Similarly, for a DELETE method:
- Send a DELETE request to remove a resource.
- Send the same DELETE request again.
- Verify that the response indicates the resource is already deleted and that it does not exist.
13. How do you validate that API documentation is accurate and up-to-date?
Validating that API documentation is accurate and up-to-date involves:
- Compare Documentation with Actual API Responses: Regularly test endpoints and compare responses with documented examples.
- Automated Tools: Use tools like Swagger, Postman, or Dredd to validate documentation.
- Version Control: Use systems like Git to manage changes in the API and its documentation.
- Stakeholder Involvement: Involve developers, QA engineers, and end-users in the review process.
- Regular Audits: Schedule regular audits of the documentation to ensure it remains accurate.
14. Explain the concept of rate limiting in APIs and why it is important.
Rate limiting controls the amount of traffic to or from a network. In APIs, it restricts the number of calls a user can make within a certain period, typically implemented using a token bucket or leaky bucket algorithm.
Reasons for rate limiting:
- Preventing Abuse: Helps prevent abuse by limiting requests a single user can make.
- Ensuring Fair Usage: Ensures all users have fair access to the API.
- Maintaining Performance: Helps maintain performance and availability by preventing server overload.
- Cost Management: Controls costs by limiting the number of requests a user can make.

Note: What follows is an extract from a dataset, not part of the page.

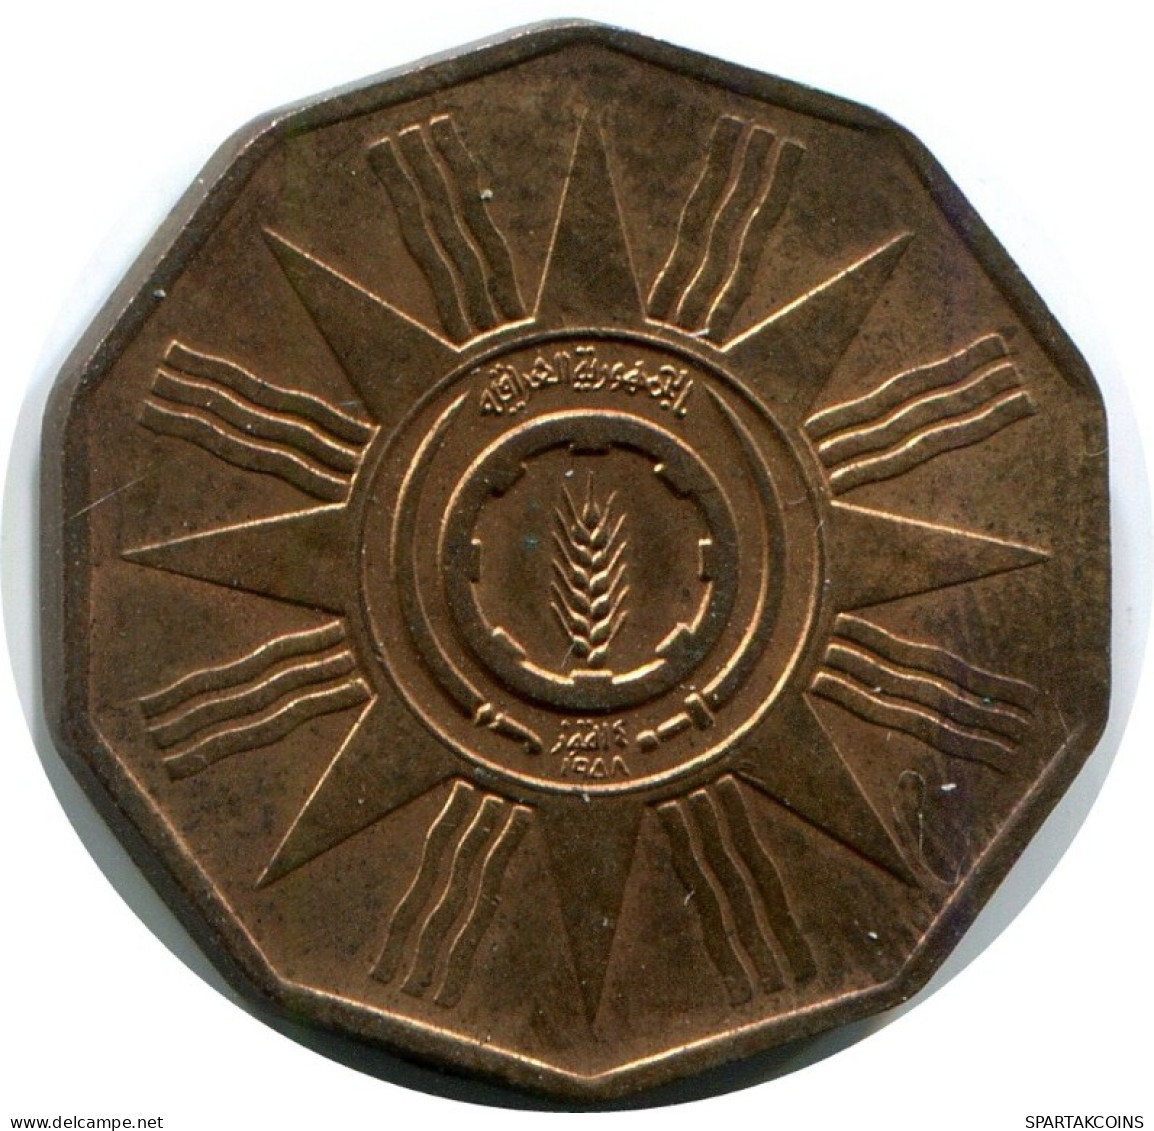 1 FILS 1959 IBAK IRAQ Islamisch Münze #AK262.D.A - Irak

15. What is API mocking, and how does it benefit the testing process?
API mocking involves creating a mock server that replicates the responses of a real API. This is useful when the actual API is under development, has limited access, or has usage constraints. By using a mock API, testers can simulate various responses, including error conditions.
Benefits of API mocking include:
- Isolation: Allows testing of the application in isolation from external dependencies.
- Consistency: Provides consistent responses, making it easier to reproduce and debug issues.
- Speed: Reduces testing time by eliminating the need to wait for the actual API to respond.
- Cost-effective: Avoids potential costs associated with using third-party APIs during testing.
- Flexibility: Enables testing of edge cases and error conditions that may be difficult to reproduce with the real API.